It was a Sunday morning in 1986 and Cherie Gruenfeld was sitting in bed with husband Lee, drinking coffee and eating sticky buns. For the two busily traveling corporate captains, it was a small and deliberate miracle that they were in the same bed. The weekend rendezvous is all they typically had to share and at times, any neutral city would do. But on this particular day in March—the day of the first L.A. Marathon—they happened to be in their very own bed in Santa Monica, Calif. Coffee, companionship and sticky buns. Life, if for only this very moment, couldn’t have been better.
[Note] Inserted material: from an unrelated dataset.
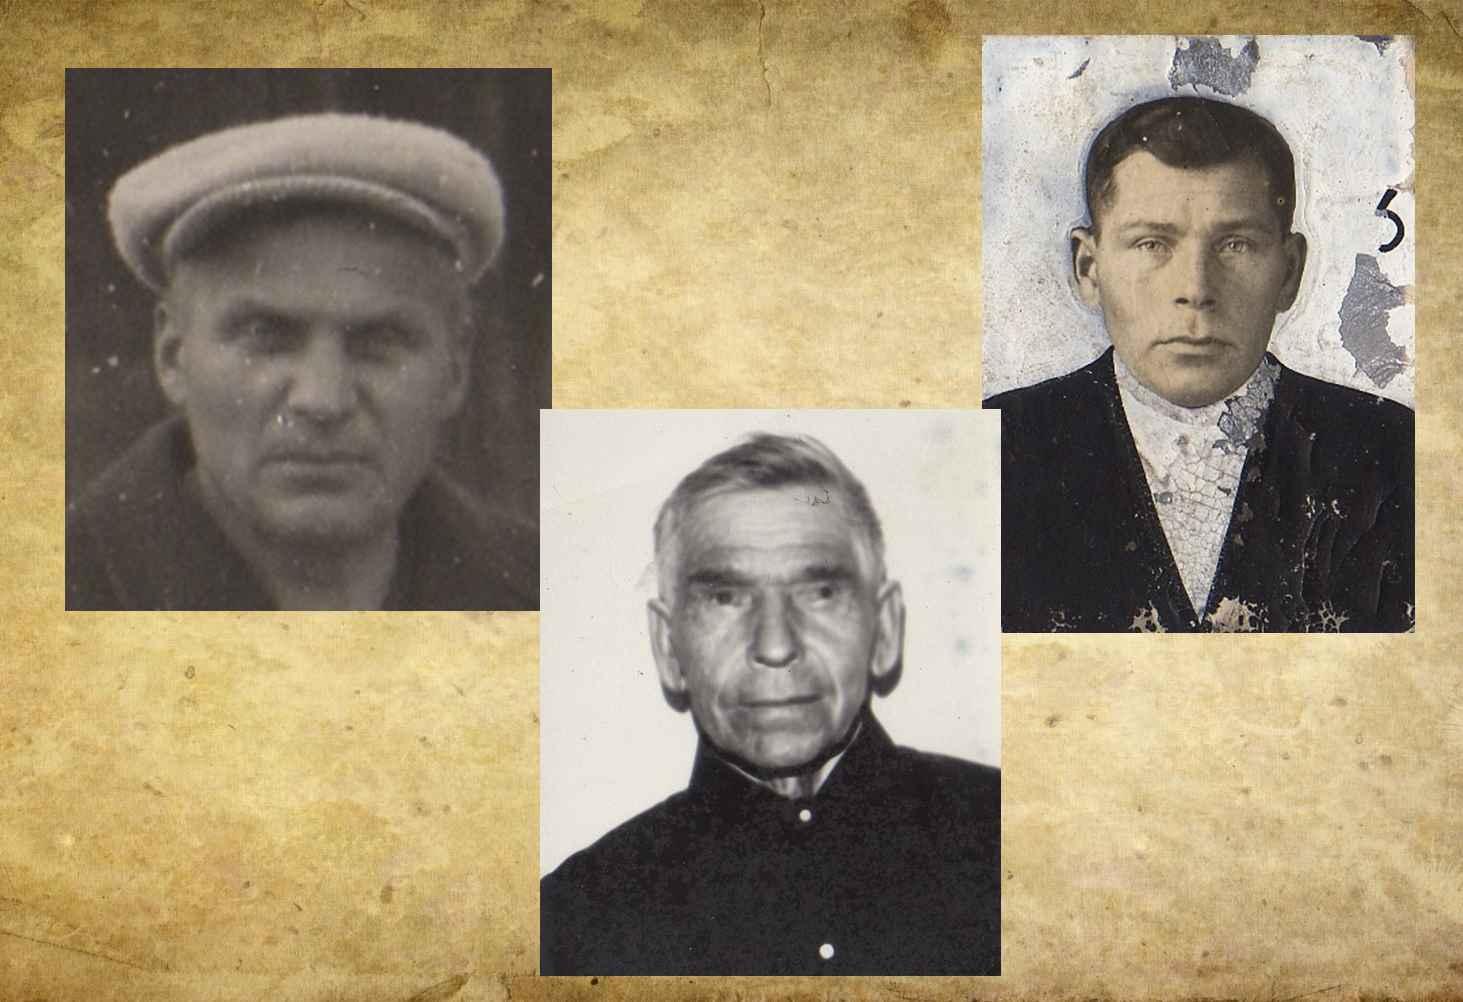 dimovidovy-geroicheskaya-istoriya-semi

Thumbing through the paper, Gruenfeld read about the marathon. She was in her early 40s and, aside from tennis and skiing, she wasn’t highly active. Today, she remembers asking her husband if the event would be cancelled; it had rained the day before and the roads would be wet. “But I turned on the TV,” says Gruenfeld, “and there it was. I watched it wire to wire, fascinated by the whole thing.” The next day, she bought a pair of running shoes and a book for first-time marathoners. Her first run was 10 minutes. Five months later, well ahead of her one-year goal to run the next L.A. Marathon, Gruenfeld ran the Humboldt Redwoods Marathon in northern California in 3:26, qualified for and went on to run Boston in 3:23. Now its 15 years later and the evolution continues. On October 6, Gruenfeld, 57, will compete in the Hawaii Ironman with nine consecutive finishes, four wins, the 55 to 59 age group record of 11:58:29, set in 1999, and the official WTC distinction, women’s 2000 Age Grouper of the Year.

Reluctant Warrior

Gruenfeld’s introduction to triathlon was slow, almost reluctant. A widely known software marketing whiz, she traveled extensively but could always find room in her suitcase and schedule for a pair of running shoes. She had been running a couple of marathons a year—eventually posting a PR of 3:07 at the Twin Cities Marathon—when she was injured and looked toward biking, swimming and eventually the sport that combines it all with running. But after racing her first triathlon in 1990, the San Diego International, she was indifferent and still focused on pure running. “I thought it was fun,” she says of her first triathlon, “but it really didn’t capture my attention.”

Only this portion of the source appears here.